Biography Phineas Fletcher
- Time Period1582 - 1650
- Place
- CountryEngland
Poet Biography
English poet, elder son of Dr Giles Fletcher, and brother of Giles the younger, was born at Cranbrook, Kent, and was baptized on the 8th of April 1582.
He was admitted a scholar of Eton, and in 16oo entered Kings College, Cambridge. He graduated B.A. in 1604, and M.A. in 16o8, and was one of the contributors to Sorrows Joy (1603). His pastoral drama, Sicelides or Piscatory (pr. 1631) was written (1614) for performance before James I., but only produced after the kings departure at Kings College.
He had been ordained as a priest and before 1611 became a fellow of his college, but he left Cambridge before 1616, apparently because certain emoluments were refused him.
He became chaplain to Sir Henry Willoughby, who presented him in 1621 to the rectory of Hilgay, Norfolk, where he married and spent the rest of his life.
In 1627 he published Locustae, vel Pietas Jesuitica. The Locusts or Apollyonists, two parallel poems in Latin and English furiously attacking the Jesuits. Dr Grosart saw in this work one of the sources of Miltons conception of Satan.
Next year appeared an erotic poem, Britain's Ida, with Edmund Spensers name on the title-page. It is certainly not by Spenser, and is printed by Dr Grosart with the works of Phineas Fletcher.
Sicelides, a play acted at Kings College in 1614, was printed in 1631. In 1632 appeared two theological prose treatises, The Way to Blessedness and Joy in Tribulation, and in 1633 his magnum opus, The Purple Island. The book was dedicated to his friend Edward Benlowes, and included his Piscatorie Eclsgs and other Poetical Miscellanies.

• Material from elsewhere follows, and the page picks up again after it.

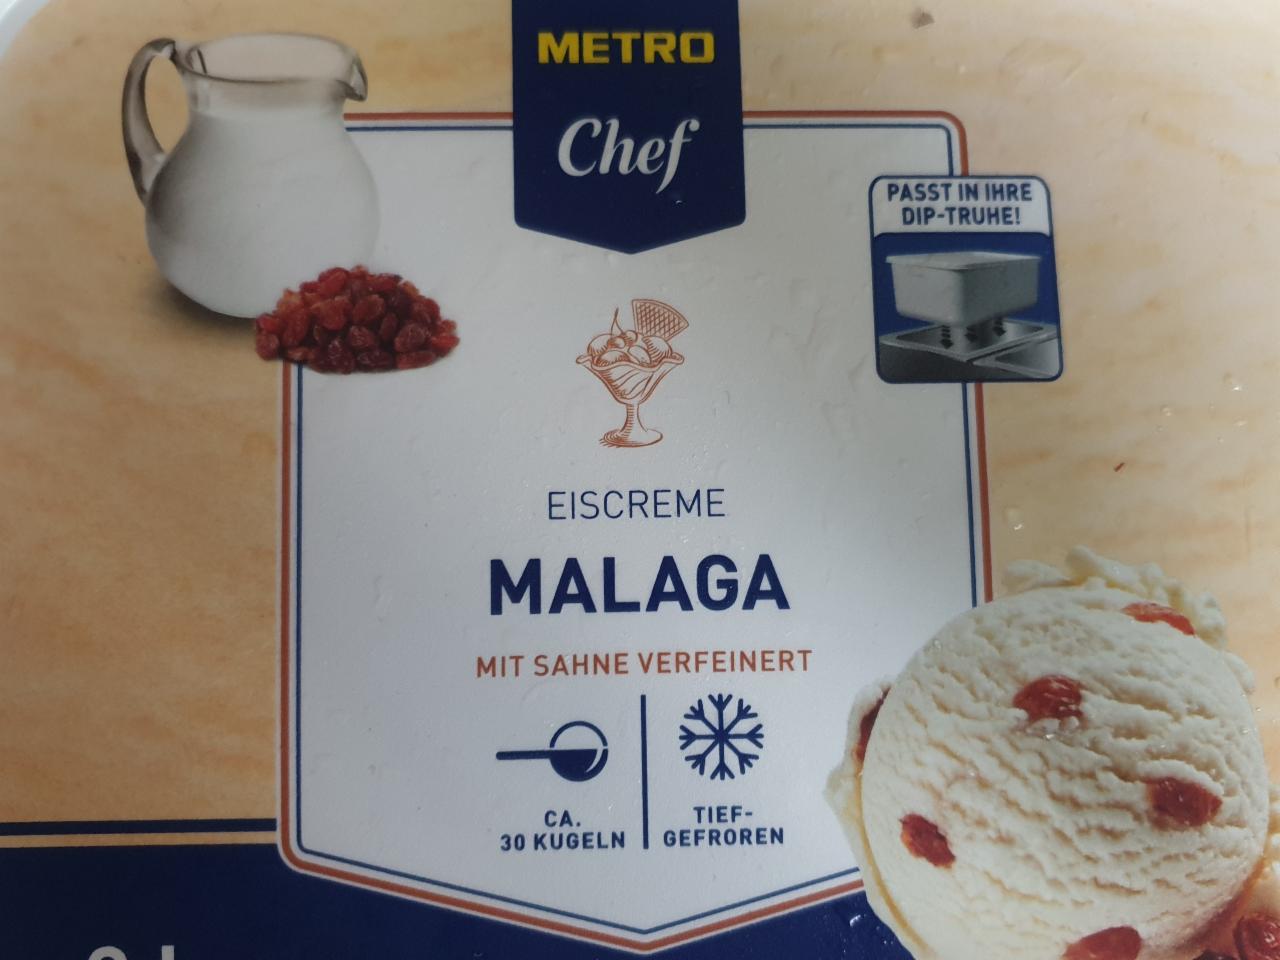 Fotografie - Eiscreme Malaga Metro Chef

He died in 165o, his will being proved by his widow on the 13th of December of that year.
The Purple Island, or the Isle of Man, is a poem in twelve cantos describing in cumbrous allegory the physiological structure of the human body and the mind of man. The intellectual qualities are personified, while the veins are rivers, the bones the mountains of the island, the whole analogy being worked out with great ingenuity. The manner of Spenser is preserved throughout, but Fletcher never lost sight of his moral aim to lose himself in digressions like those of the Faerie Queene. What he gains in unity of design, however, he more than loses in human interest and action. The chief charm of the poem lies in its descriptions of rural scenery.
The Piscatory Eclogues are pastorals, the characters of which are represented as fisher boys on the banks of the Cam, and are interesting for the light they cast on the biography of the poet himself (Thyrsil) and his father (Thelgon).